Regina Mullen, whose son Kyle died of pneumonia after "surf torture," said the Navy autopsy she received raises the need for accountability.

Regina Mullen of Manalapan with her son Kyle, who died while training to be a Navy SEAL. The Navy released her son's autopsy to her, and she said it showed the same cause of death as the autopsy she had performed privately, which was pneumonia.
Regina Mullen of Manalapan with her son Kyle, who died while training to be a Navy SEAL. The Navy released her son's autopsy to her, and she said it showed the same cause of death as the autopsy she had performed privately, which was pneumonia. (Photo courtesy of Regina Mullen.)

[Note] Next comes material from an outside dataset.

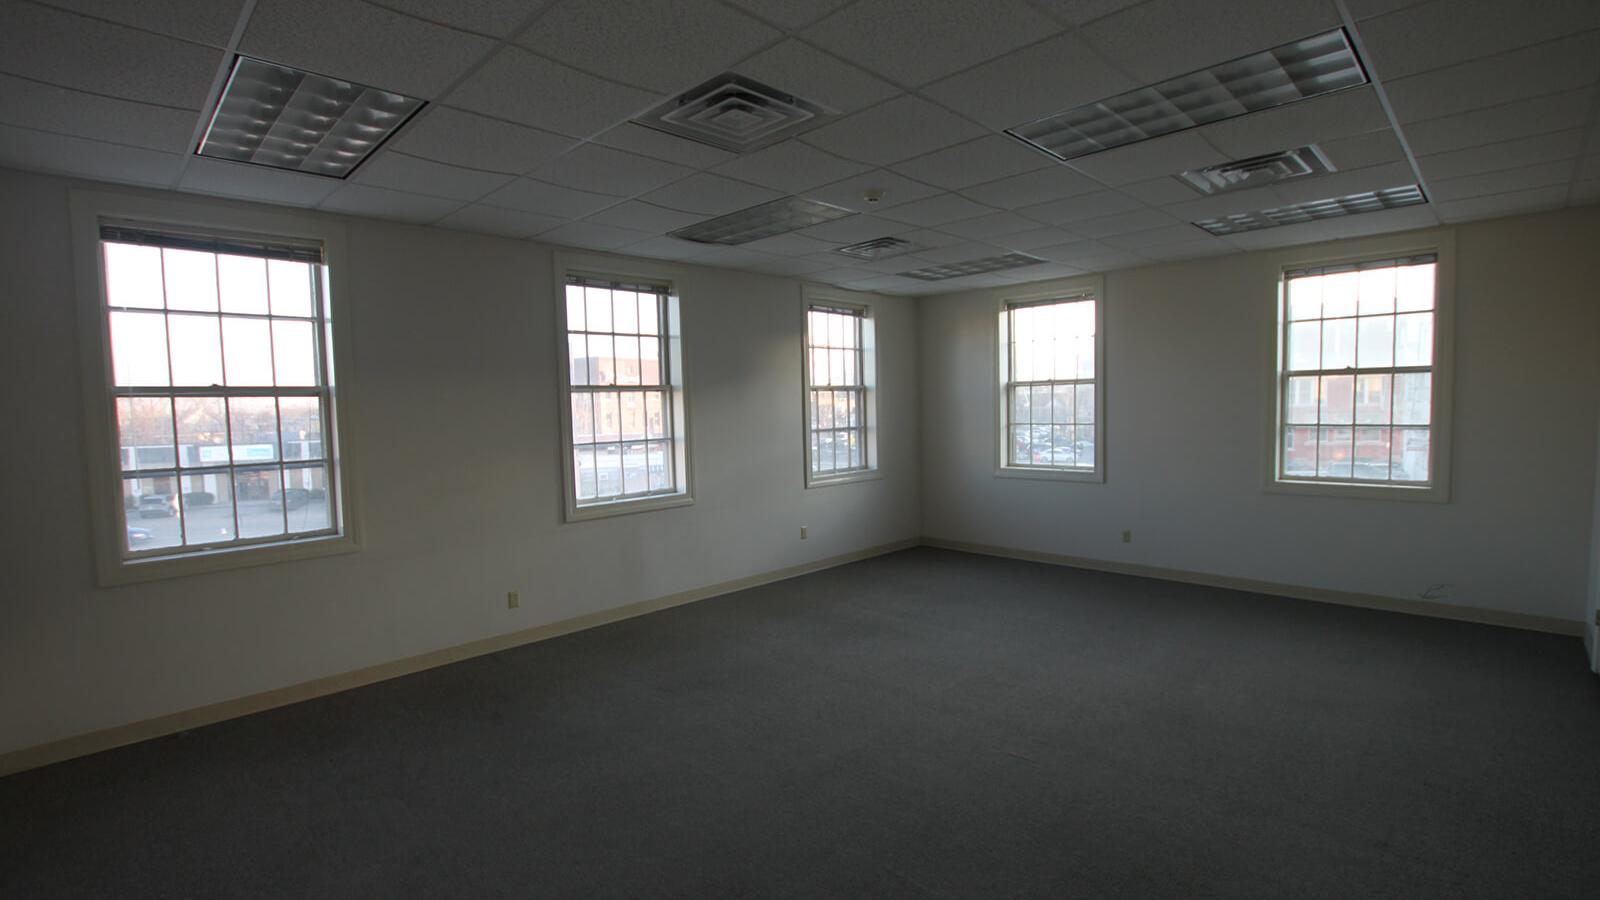 29 Main Street, Leominster, Massachusetts 01453, Office,For Lease,Main Street,1311

MANALAPAN, NJ—Regina Mullen, the mother of Navy Seaman Kyle Mullen who died during the "Hell Week" portion of SEAL training on Feb. 4, said she recently received the Navy autopsy she had been waiting for, but said it provides no new answers.

If anything, it is driving her to ask more questions about the nature of Navy SEAL training and what she says is the lack of timely medical attention given her son, she said.

The autopsy showed Kyle Mullen died of acute pneumonia caused by Streptococcus pyogenes, a strep bacteria, some time after his Basic Underwater Demolition class in San Diego.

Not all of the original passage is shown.